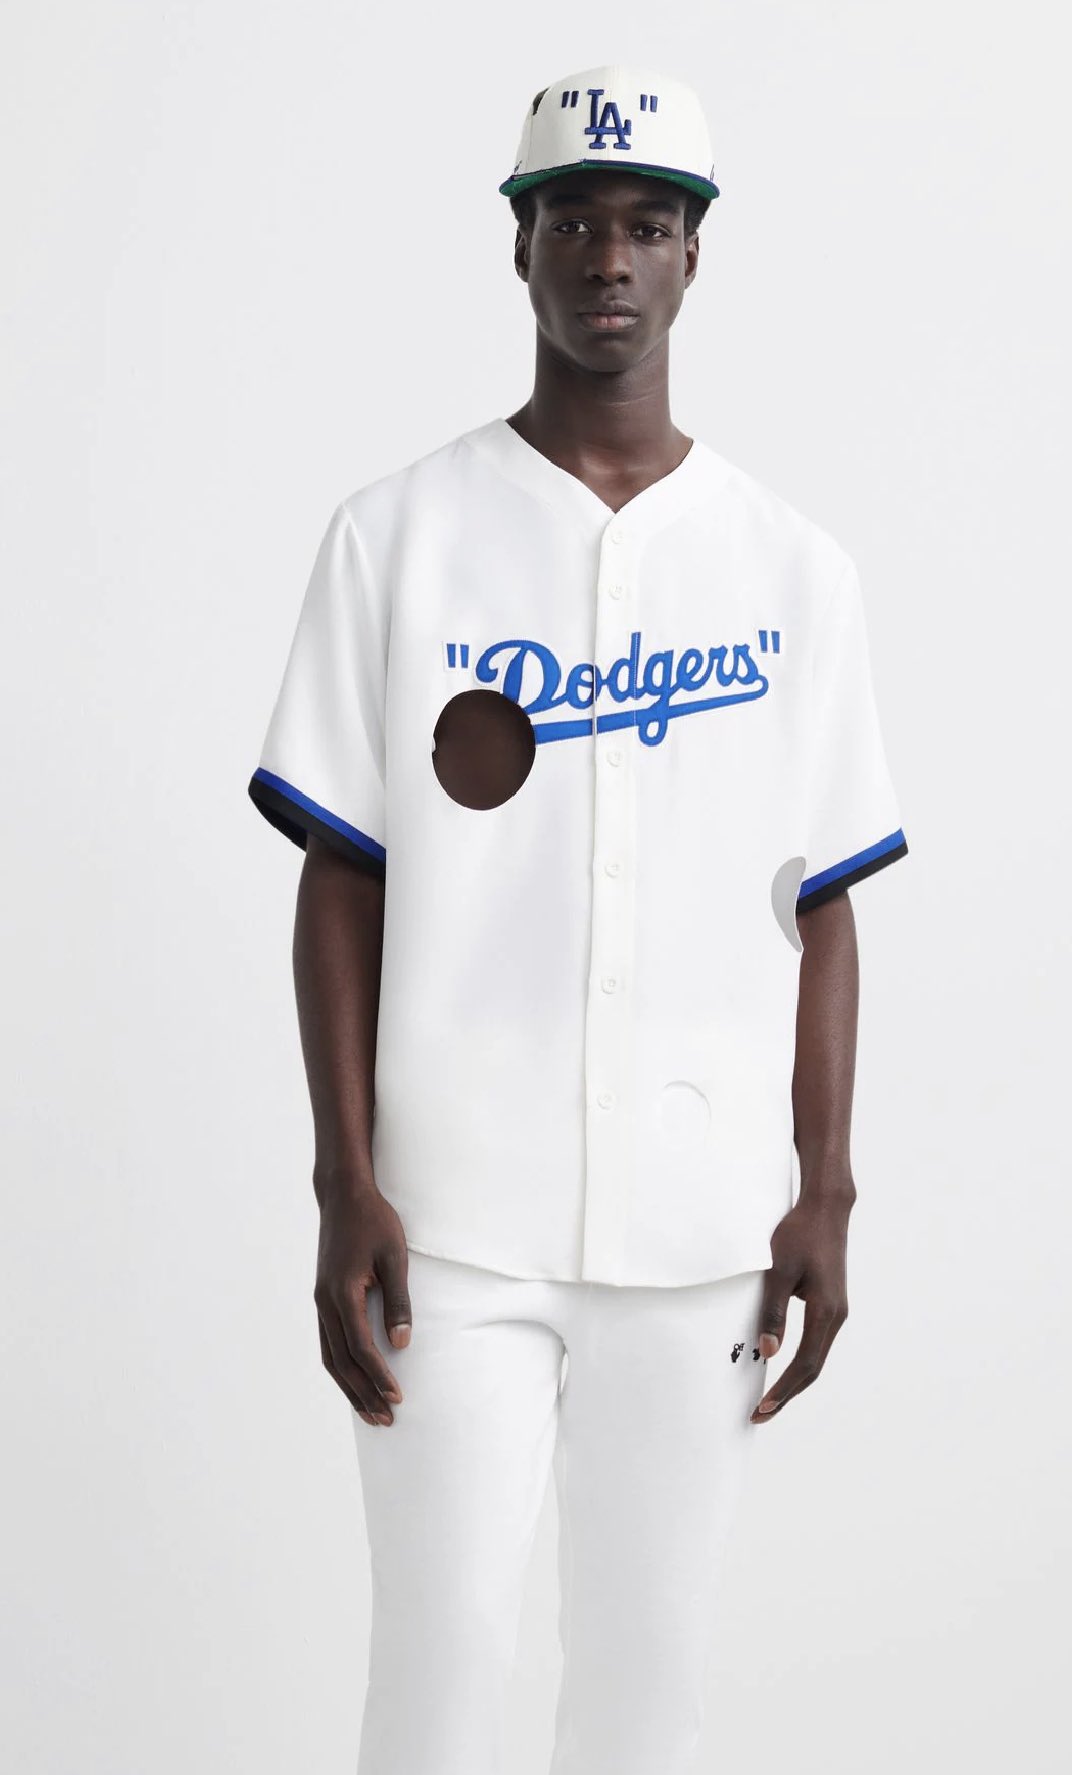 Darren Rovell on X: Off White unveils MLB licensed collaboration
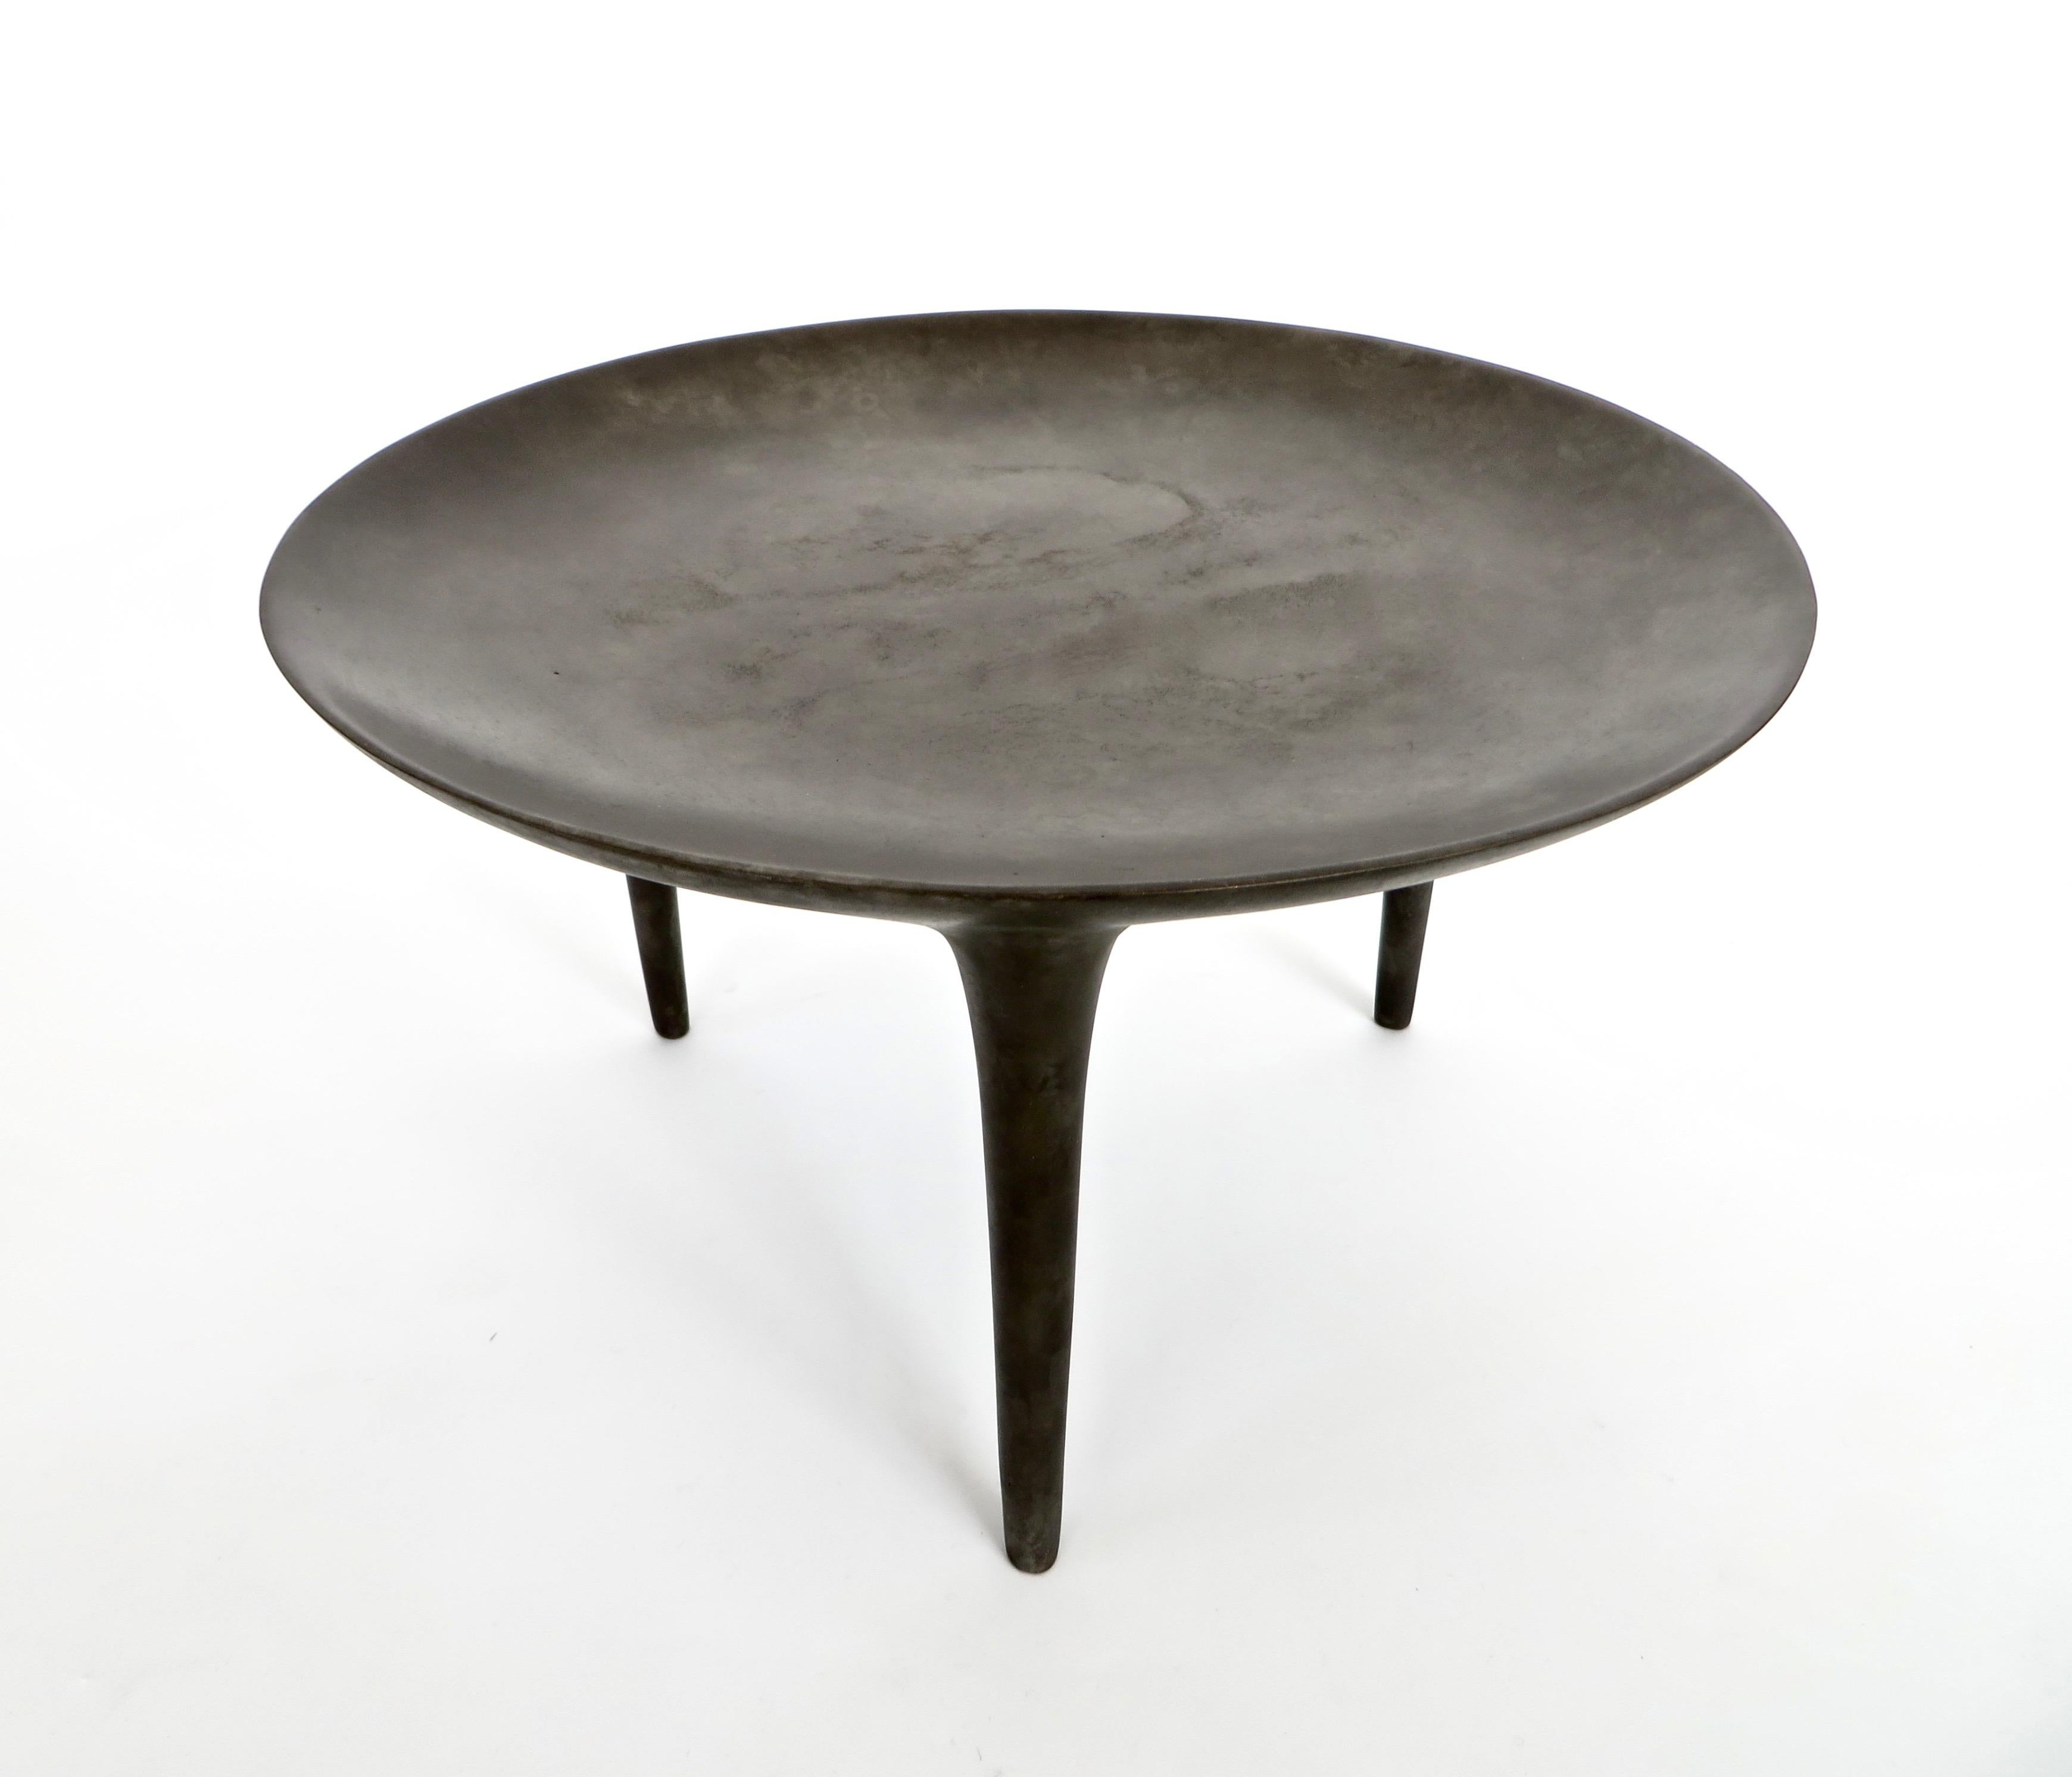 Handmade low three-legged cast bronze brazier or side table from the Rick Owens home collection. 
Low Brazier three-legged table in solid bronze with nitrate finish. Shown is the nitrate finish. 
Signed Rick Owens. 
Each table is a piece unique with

Problem requirements: Wherever the word "with" turns up in a line of the entries above, copy that line.

Solution for this task:
Low Brazier three-legged table in solid bronze with nitrate finish. Shown is the nitrate finish. 
Each table is a piece unique with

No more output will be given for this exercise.